Source material
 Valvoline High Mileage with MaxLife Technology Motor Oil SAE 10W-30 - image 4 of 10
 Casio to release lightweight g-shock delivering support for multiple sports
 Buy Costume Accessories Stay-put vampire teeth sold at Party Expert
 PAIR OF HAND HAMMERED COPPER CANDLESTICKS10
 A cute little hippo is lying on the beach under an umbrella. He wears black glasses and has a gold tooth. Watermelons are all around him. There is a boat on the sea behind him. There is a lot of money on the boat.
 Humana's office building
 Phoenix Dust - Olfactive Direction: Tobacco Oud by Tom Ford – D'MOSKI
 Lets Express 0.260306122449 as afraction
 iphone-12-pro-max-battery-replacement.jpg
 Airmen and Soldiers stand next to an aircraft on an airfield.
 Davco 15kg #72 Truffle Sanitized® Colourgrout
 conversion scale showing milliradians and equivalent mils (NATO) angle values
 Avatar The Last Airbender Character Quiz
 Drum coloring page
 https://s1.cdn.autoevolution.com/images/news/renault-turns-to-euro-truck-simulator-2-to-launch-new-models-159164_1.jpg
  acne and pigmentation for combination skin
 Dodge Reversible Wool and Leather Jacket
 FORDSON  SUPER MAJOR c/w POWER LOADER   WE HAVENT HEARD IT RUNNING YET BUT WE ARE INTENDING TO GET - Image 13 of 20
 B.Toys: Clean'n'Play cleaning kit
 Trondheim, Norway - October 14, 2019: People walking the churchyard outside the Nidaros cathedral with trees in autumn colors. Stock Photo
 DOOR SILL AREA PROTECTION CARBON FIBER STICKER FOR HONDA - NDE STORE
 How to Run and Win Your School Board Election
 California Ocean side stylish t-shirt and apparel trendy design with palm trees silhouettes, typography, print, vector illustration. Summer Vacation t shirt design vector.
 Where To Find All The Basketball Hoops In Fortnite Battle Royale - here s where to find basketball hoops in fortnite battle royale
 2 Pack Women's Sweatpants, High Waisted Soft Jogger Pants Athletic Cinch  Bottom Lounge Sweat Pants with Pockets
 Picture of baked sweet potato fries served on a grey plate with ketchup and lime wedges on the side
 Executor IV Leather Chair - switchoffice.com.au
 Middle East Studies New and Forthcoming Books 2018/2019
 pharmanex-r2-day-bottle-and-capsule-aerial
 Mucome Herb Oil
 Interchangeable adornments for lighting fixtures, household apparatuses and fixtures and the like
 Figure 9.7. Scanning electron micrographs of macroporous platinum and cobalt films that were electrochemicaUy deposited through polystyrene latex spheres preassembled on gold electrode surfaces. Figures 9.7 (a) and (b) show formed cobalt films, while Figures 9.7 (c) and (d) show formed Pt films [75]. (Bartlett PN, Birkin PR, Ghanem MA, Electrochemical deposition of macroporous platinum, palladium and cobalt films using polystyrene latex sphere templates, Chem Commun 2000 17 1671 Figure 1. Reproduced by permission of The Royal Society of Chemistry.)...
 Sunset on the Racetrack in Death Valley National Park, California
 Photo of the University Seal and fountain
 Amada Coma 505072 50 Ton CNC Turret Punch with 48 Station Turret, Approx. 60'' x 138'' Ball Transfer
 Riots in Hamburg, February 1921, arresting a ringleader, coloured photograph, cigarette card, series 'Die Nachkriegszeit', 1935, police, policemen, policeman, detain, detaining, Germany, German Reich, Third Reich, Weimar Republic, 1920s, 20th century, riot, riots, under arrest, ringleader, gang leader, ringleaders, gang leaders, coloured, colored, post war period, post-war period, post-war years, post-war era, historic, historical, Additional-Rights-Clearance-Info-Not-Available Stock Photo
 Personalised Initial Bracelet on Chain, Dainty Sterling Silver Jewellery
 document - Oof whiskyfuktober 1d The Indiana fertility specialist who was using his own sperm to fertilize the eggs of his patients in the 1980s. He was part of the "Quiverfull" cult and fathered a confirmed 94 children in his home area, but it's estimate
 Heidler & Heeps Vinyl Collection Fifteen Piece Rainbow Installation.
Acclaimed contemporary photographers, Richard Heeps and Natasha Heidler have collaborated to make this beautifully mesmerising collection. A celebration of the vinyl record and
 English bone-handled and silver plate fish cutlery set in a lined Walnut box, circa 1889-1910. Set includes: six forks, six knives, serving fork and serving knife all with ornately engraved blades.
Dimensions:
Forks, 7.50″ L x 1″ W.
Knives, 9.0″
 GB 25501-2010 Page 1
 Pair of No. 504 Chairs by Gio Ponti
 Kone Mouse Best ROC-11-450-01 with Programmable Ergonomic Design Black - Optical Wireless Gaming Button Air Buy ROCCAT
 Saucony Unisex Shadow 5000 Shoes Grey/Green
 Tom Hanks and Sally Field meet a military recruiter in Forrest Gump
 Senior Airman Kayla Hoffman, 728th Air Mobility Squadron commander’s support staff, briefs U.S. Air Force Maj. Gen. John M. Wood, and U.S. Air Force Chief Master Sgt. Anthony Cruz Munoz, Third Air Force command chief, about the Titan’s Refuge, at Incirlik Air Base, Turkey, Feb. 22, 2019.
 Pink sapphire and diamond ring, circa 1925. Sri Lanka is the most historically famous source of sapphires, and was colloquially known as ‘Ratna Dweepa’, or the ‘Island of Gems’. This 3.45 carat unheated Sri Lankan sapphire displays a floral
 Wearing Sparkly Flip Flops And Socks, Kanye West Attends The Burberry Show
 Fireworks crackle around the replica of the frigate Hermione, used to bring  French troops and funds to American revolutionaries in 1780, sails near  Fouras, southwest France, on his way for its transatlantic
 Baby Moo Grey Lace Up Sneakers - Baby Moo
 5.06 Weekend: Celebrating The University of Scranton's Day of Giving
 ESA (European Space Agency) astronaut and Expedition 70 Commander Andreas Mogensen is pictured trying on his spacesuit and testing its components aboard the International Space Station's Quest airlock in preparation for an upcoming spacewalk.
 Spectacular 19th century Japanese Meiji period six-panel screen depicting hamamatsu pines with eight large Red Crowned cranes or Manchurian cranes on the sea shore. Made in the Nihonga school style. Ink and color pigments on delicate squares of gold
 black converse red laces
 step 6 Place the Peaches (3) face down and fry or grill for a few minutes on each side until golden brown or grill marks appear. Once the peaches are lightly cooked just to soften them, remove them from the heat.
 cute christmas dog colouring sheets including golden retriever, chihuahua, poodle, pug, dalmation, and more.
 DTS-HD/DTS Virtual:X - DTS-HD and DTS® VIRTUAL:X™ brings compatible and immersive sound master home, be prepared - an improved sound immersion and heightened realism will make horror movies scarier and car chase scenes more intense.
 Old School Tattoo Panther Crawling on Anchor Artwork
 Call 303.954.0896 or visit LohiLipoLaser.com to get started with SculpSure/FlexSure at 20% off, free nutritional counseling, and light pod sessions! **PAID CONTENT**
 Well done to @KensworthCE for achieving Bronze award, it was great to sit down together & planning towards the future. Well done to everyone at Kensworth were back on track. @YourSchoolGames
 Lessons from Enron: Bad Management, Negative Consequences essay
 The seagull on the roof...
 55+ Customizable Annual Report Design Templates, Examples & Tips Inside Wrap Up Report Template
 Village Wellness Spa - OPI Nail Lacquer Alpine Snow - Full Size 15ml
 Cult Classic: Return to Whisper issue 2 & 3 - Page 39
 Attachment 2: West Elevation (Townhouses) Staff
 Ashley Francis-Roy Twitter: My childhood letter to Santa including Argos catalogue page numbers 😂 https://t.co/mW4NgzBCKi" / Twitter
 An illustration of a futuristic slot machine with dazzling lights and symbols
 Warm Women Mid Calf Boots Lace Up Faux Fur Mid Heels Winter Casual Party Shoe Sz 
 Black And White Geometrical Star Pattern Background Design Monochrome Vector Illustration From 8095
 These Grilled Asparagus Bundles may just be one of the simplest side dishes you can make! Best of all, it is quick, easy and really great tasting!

Problem to work on
Go through the records above and write each one out again exactly.

Your response
 Valvoline High Mileage with MaxLife Technology Motor Oil SAE 10W-30 - image 4 of 10
 Casio to release lightweight g-shock delivering support for multiple sports
 Buy Costume Accessories Stay-put vampire teeth sold at Party Expert
 PAIR OF HAND HAMMERED COPPER CANDLESTICKS10
 A cute little hippo is lying on the beach under an umbrella. He wears black glasses and has a gold tooth. Watermelons are all around him. There is a boat on the sea behind him. There is a lot of money on the boat.
 Humana's office building
 Phoenix Dust - Olfactive Direction: Tobacco Oud by Tom Ford – D'MOSKI
 Lets Express 0.260306122449 as afraction
 iphone-12-pro-max-battery-replacement.jpg
 Airmen and Soldiers stand next to an aircraft on an airfield.
 Davco 15kg #72 Truffle Sanitized® Colourgrout
 conversion scale showing milliradians and equivalent mils (NATO) angle values
 Avatar The Last Airbender Character Quiz
 Drum coloring page
 https://s1.cdn.autoevolution.com/images/news/renault-turns-to-euro-truck-simulator-2-to-launch-new-models-159164_1.jpg
  acne and pigmentation for combination skin
 Dodge Reversible Wool and Leather Jacket
 FORDSON  SUPER MAJOR c/w POWER LOADER   WE HAVENT HEARD IT RUNNING YET BUT WE ARE INTENDING TO GET - Image 13 of 20
 B.Toys: Clean'n'Play cleaning kit
 Trondheim, Norway - October 14, 2019: People walking the churchyard outside the Nidaros cathedral with trees in autumn colors. Stock Photo
 DOOR SILL AREA PROTECTION CARBON FIBER STICKER FOR HONDA - NDE STORE
 How to Run and Win Your School Board Election
 California Ocean side stylish t-shirt and apparel trendy design with palm trees silhouettes, typography, print, vector illustration. Summer Vacation t shirt design vector.
 Where To Find All The Basketball Hoops In Fortnite Battle Royale - here s where to find basketball hoops in fortnite battle royale
 2 Pack Women's Sweatpants, High Waisted Soft Jogger Pants Athletic Cinch  Bottom Lounge Sweat Pants with Pockets
 Picture of baked sweet potato fries served on a grey plate with ketchup and lime wedges on the side
 Executor IV Leather Chair - switchoffice.com.au
 Middle East Studies New and Forthcoming Books 2018/2019
 pharmanex-r2-day-bottle-and-capsule-aerial
 Mucome Herb Oil
 Interchangeable adornments for lighting fixtures, household apparatuses and fixtures and the like
 Figure 9.7. Scanning electron micrographs of macroporous platinum and cobalt films that were electrochemicaUy deposited through polystyrene latex spheres preassembled on gold electrode surfaces. Figures 9.7 (a) and (b) show formed cobalt films, while Figures 9.7 (c) and (d) show formed Pt films [75]. (Bartlett PN, Birkin PR, Ghanem MA, Electrochemical deposition of macroporous platinum, palladium and cobalt films using polystyrene latex sphere templates, Chem Commun 2000 17 1671 Figure 1. Reproduced by permission of The Royal Society of Chemistry.)...
 Sunset on the Racetrack in Death Valley National Park, California
 Photo of the University Seal and fountain
 Amada Coma 505072 50 Ton CNC Turret Punch with 48 Station Turret, Approx. 60'' x 138'' Ball Transfer
 Riots in Hamburg, February 1921, arresting a ringleader, coloured photograph, cigarette card, series 'Die Nachkriegszeit', 1935, police, policemen, policeman, detain, detaining, Germany, German Reich, Third Reich, Weimar Republic, 1920s, 20th century, riot, riots, under arrest, ringleader, gang leader, ringleaders, gang leaders, coloured, colored, post war period, post-war period, post-war years, post-war era, historic, historical, Additional-Rights-Clearance-Info-Not-Available Stock Photo
 Personalised Initial Bracelet on Chain, Dainty Sterling Silver Jewellery
 document - Oof whiskyfuktober 1d The Indiana fertility specialist who was using his own sperm to fertilize the eggs of his patients in the 1980s. He was part of the "Quiverfull" cult and fathered a confirmed 94 children in his home area, but it's estimate
 Heidler & Heeps Vinyl Collection Fifteen Piece Rainbow Installation.
Acclaimed contemporary photographers, Richard Heeps and Natasha Heidler have collaborated to make this beautifully mesmerising collection. A celebration of the vinyl record and
 English bone-handled and silver plate fish cutlery set in a lined Walnut box, circa 1889-1910. Set includes: six forks, six knives, serving fork and serving knife all with ornately engraved blades.
Dimensions:
Forks, 7.50″ L x 1″ W.
Knives, 9.0″
 GB 25501-2010 Page 1
 Pair of No. 504 Chairs by Gio Ponti
 Kone Mouse Best ROC-11-450-01 with Programmable Ergonomic Design Black - Optical Wireless Gaming Button Air Buy ROCCAT
 Saucony Unisex Shadow 5000 Shoes Grey/Green
 Tom Hanks and Sally Field meet a military recruiter in Forrest Gump
 Senior Airman Kayla Hoffman, 728th Air Mobility Squadron commander’s support staff, briefs U.S. Air Force Maj. Gen. John M. Wood, and U.S. Air Force Chief Master Sgt. Anthony Cruz Munoz, Third Air Force command chief, about the Titan’s Refuge, at Incirlik Air Base, Turkey, Feb. 22, 2019.
 Pink sapphire and diamond ring, circa 1925. Sri Lanka is the most historically famous source of sapphires, and was colloquially known as ‘Ratna Dweepa’, or the ‘Island of Gems’. This 3.45 carat unheated Sri Lankan sapphire displays a floral
 Wearing Sparkly Flip Flops And Socks, Kanye West Attends The Burberry Show
 Fireworks crackle around the replica of the frigate Hermione, used to bring  French troops and funds to American revolutionaries in 1780, sails near  Fouras, southwest France, on his way for its transatlantic
 Baby Moo Grey Lace Up Sneakers - Baby Moo
 5.06 Weekend: Celebrating The University of Scranton's Day of Giving
 ESA (European Space Agency) astronaut and Expedition 70 Commander Andreas Mogensen is pictured trying on his spacesuit and testing its components aboard the International Space Station's Quest airlock in preparation for an upcoming spacewalk.
 Spectacular 19th century Japanese Meiji period six-panel screen depicting hamamatsu pines with eight large Red Crowned cranes or Manchurian cranes on the sea shore. Made in the Nihonga school style. Ink and color pigments on delicate squares of gold
 black converse red laces
 step 6 Place the Peaches (3) face down and fry or grill for a few minutes on each side until golden brown or grill marks appear. Once the peaches are lightly cooked just to soften them, remove them from the heat.
 cute christmas dog colouring sheets including golden retriever, chihuahua, poodle, pug, dalmation, and more.
 DTS-HD/DTS Virtual:X - DTS-HD and DTS® VIRTUAL:X™ brings compatible and immersive sound master home, be prepared - an improved sound immersion and heightened realism will make horror movies scarier and car chase scenes more intense.
 Old School Tattoo Panther Crawling on Anchor Artwork
 Call 303.954.0896 or visit LohiLipoLaser.com to get started with SculpSure/FlexSure at 20% off, free nutritional counseling, and light pod sessions! **PAID CONTENT**
 Well done to @KensworthCE for achieving Bronze award, it was great to sit down together & planning towards the future. Well done to everyone at Kensworth were back on track. @YourSchoolGames
 Lessons from Enron: Bad Management, Negative Consequences essay
 The seagull on the roof...
 55+ Customizable Annual Report Design Templates, Examples & Tips Inside Wrap Up Report Template
 Village Wellness Spa - OPI Nail Lacquer Alpine Snow - Full Size 15ml
 Cult Classic: Return to Whisper issue 2 & 3 - Page 39
 Attachment 2: West Elevation (Townhouses) Staff
 Ashley Francis-Roy Twitter: My childhood letter to Santa including Argos catalogue page numbers 😂 https://t.co/mW4NgzBCKi" / Twitter
 An illustration of a futuristic slot machine with dazzling lights and symbols
 Warm Women Mid Calf Boots Lace Up Faux Fur Mid Heels Winter Casual Party Shoe Sz 
 Black And White Geometrical Star Pattern Background Design Monochrome Vector Illustration From 8095
 These Grilled Asparagus Bundles may just be one of the simplest side dishes you can make! Best of all, it is quick, easy and really great tasting!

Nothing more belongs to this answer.